▸ EXERCISE INPUTS:
------------------------------------------------------------
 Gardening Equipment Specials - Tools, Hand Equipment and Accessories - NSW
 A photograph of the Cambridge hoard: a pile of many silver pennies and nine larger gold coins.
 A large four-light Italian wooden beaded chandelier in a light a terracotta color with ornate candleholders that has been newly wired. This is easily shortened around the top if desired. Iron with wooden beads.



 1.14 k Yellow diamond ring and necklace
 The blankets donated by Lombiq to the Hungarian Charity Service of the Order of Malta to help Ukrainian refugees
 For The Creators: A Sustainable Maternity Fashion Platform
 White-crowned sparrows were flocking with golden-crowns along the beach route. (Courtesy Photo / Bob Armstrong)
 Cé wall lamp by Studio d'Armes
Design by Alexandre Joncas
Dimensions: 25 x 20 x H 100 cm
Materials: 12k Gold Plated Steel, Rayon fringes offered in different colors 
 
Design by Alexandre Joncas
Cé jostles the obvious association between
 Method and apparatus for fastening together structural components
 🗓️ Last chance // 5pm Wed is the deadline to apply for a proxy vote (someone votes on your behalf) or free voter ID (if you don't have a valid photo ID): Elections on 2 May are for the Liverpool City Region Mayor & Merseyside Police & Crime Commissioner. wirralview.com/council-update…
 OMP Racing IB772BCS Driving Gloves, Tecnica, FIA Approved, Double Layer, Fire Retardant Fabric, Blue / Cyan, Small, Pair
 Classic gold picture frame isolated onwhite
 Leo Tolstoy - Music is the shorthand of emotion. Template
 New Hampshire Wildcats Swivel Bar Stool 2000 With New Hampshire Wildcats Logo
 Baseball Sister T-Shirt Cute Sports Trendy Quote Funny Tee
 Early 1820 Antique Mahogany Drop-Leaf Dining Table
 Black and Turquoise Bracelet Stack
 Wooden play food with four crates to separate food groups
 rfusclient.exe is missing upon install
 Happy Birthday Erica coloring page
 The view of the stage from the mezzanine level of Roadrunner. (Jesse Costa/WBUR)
------------------------------------------------------------
▸ WHAT YOU NEED TO DO:
An exact copy of the data is needed, running from its first line through the line that holds "A photograph of", and nothing beyond that.

▸ RESULT:
 Gardening Equipment Specials - Tools, Hand Equipment and Accessories - NSW
 A photograph of the Cambridge hoard: a pile of many silver pennies and nine larger gold coins.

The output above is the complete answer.